23. The method of claim 22, wherein said protein kinase inhibitor is staurosporine.

24. The method of claim 17, wherein said test conditions include contacting said embryos with a cell death inhibitor.

25. The method of claim 24, wherein said observing includes observing neurons of said embryos, to determine whether neurons in said test embryo which are saved from cell death develop or function normally.

26. The method of claim 24, wherein said cell death inhibitor is a caspase inhibitor.

27. The method of claim 17, wherein the cellular process which is investigated is selected from the group consisting of: a) neuronal cell function, b) neuronal connectivity, c) cell development, d) tissue development, and e) organ development.
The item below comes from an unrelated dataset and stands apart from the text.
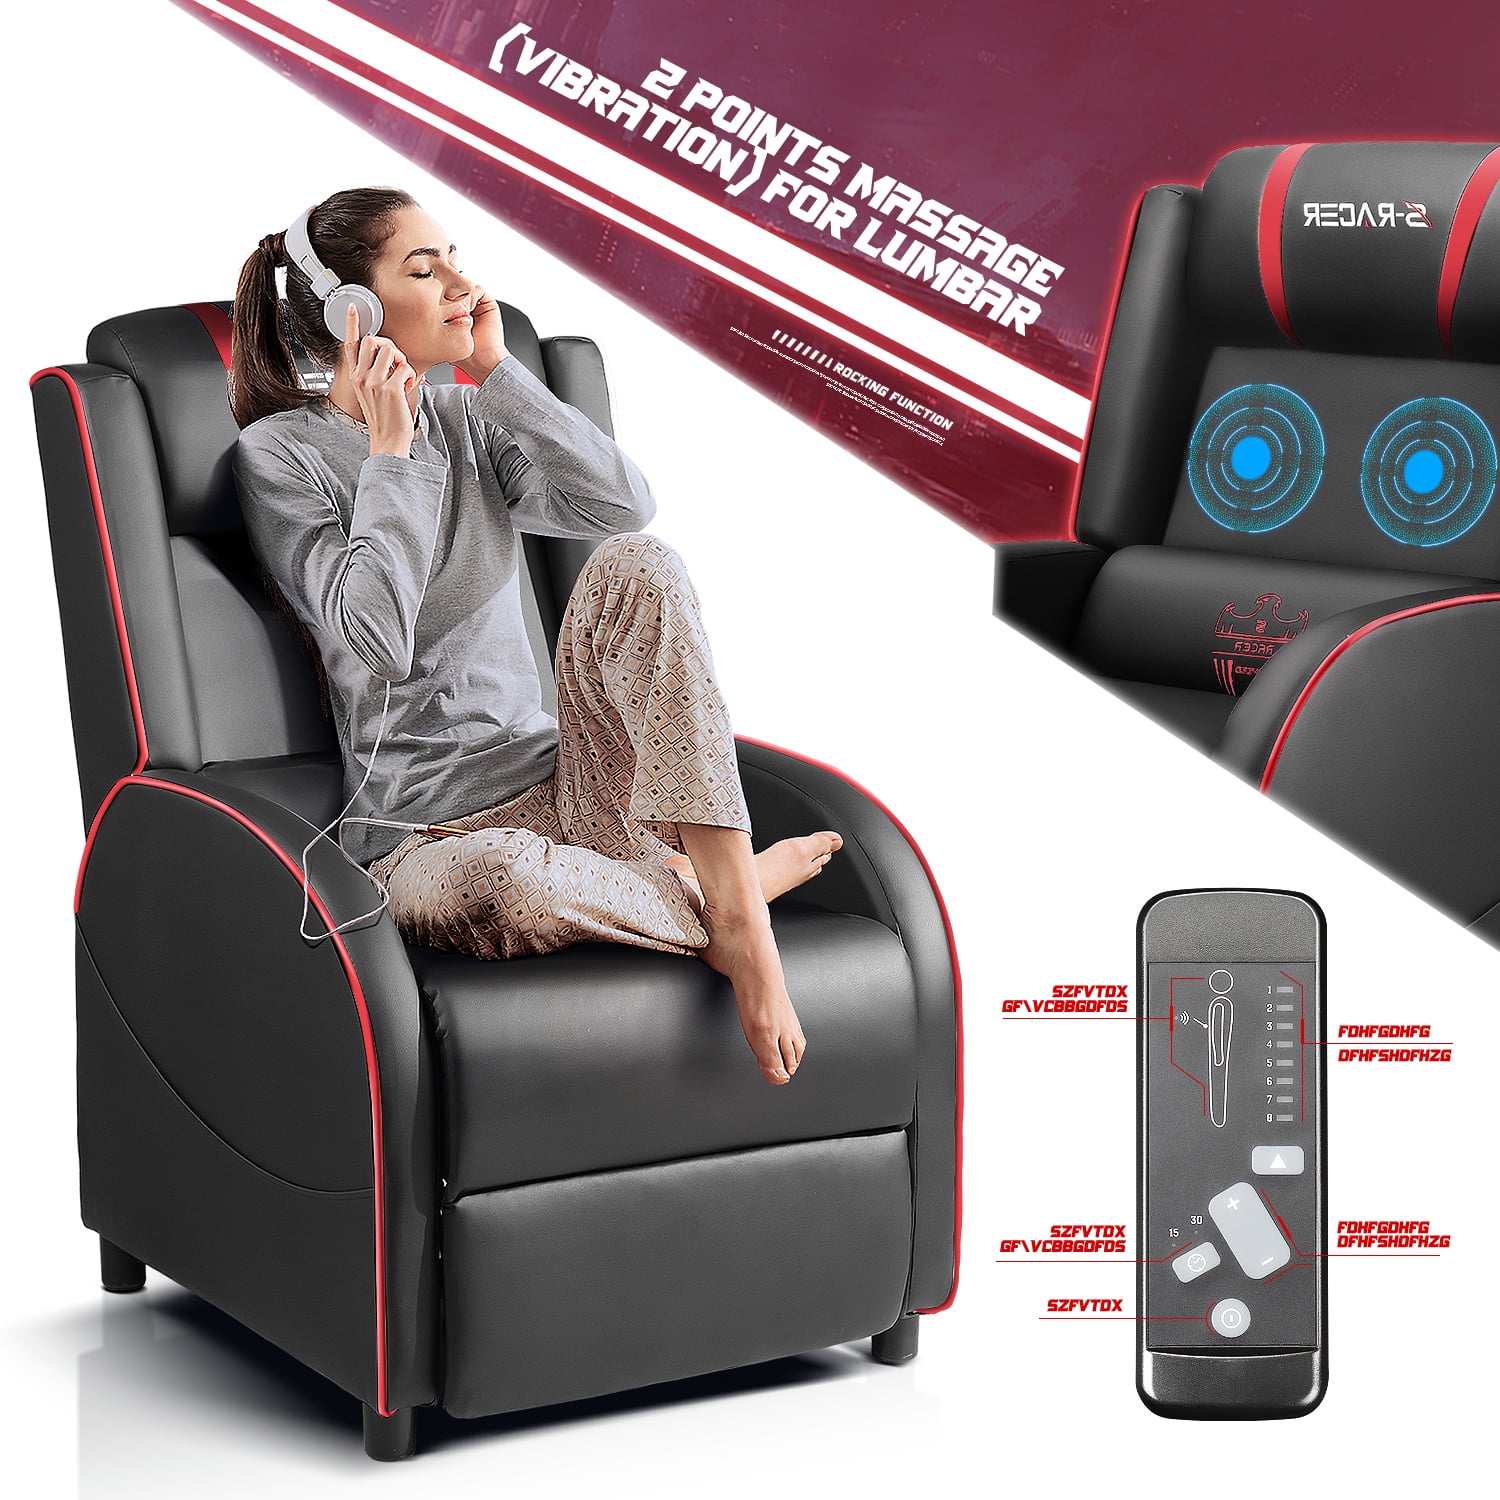 HONEY JOY Red PU Leather Gaming Recliner Chair Single Massage
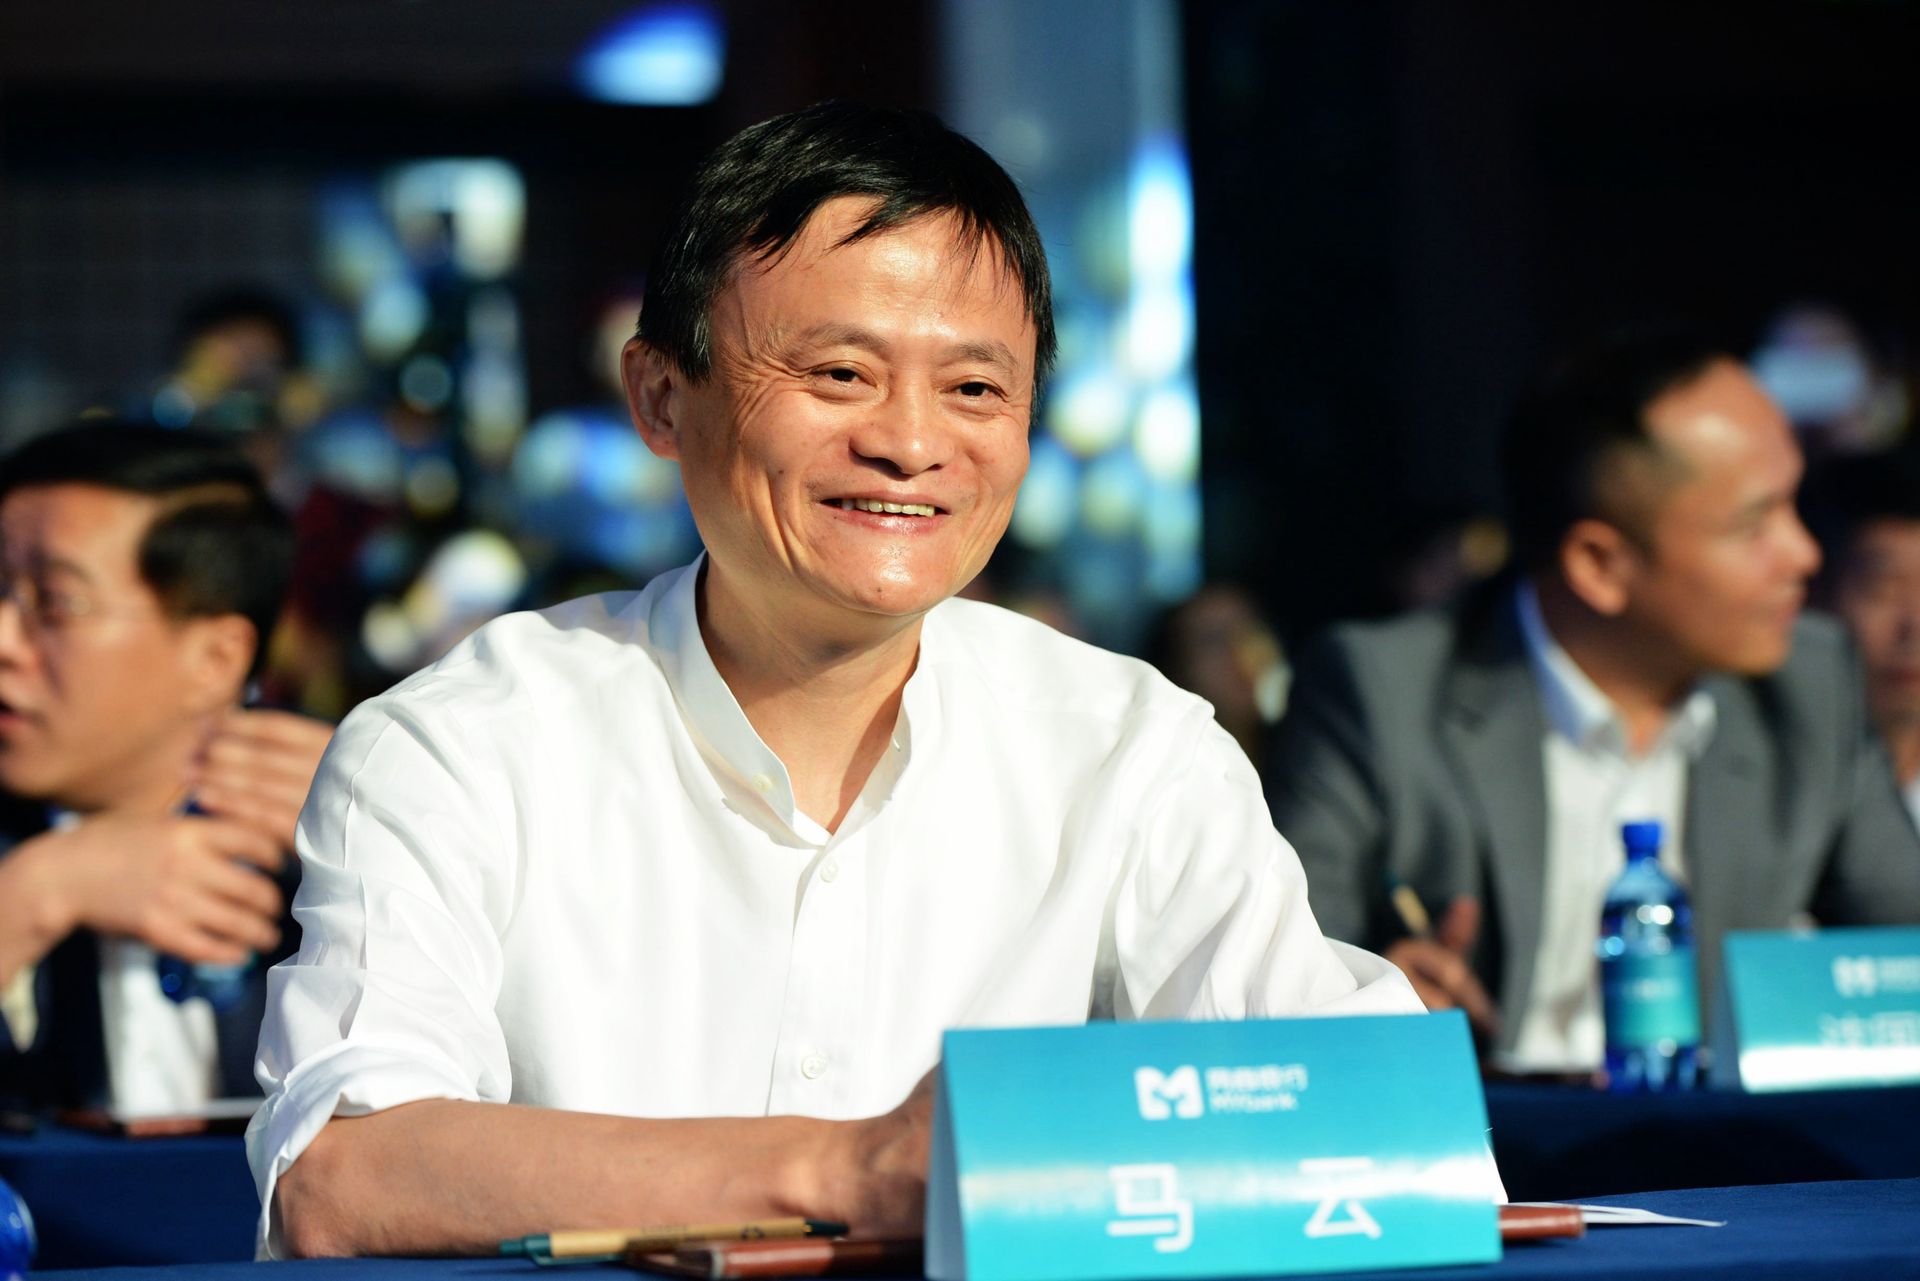 Jack Ma: the founder of Alibaba

28. A method of testing a compound for the ability to affect expression of a gene whose expression affects cell death, said method comprising the steps of: (a) providing an osteichthes test embryo which is translucent or transparent, wherein said gene is expressed in said embryo, wherein said gene either is not normally expressed in said osteichthes, or is normally expressed in said osteichthes at a lower level than in said test embryo,

(b) contacting said compound with said embryo, and

(c) visually observing the pattern or extent of cell death in said embryo.

29. The method of claim 28, wherein said osteichthes embryo is a zebrafish embryo.

30. The method of claim 28, wherein said gene is a eukaryotic gene encoding a protein which inhibits cell death.

31. The method of claim 30 wherein said gene encodes bcl-2, and is over-expressed in said embryo.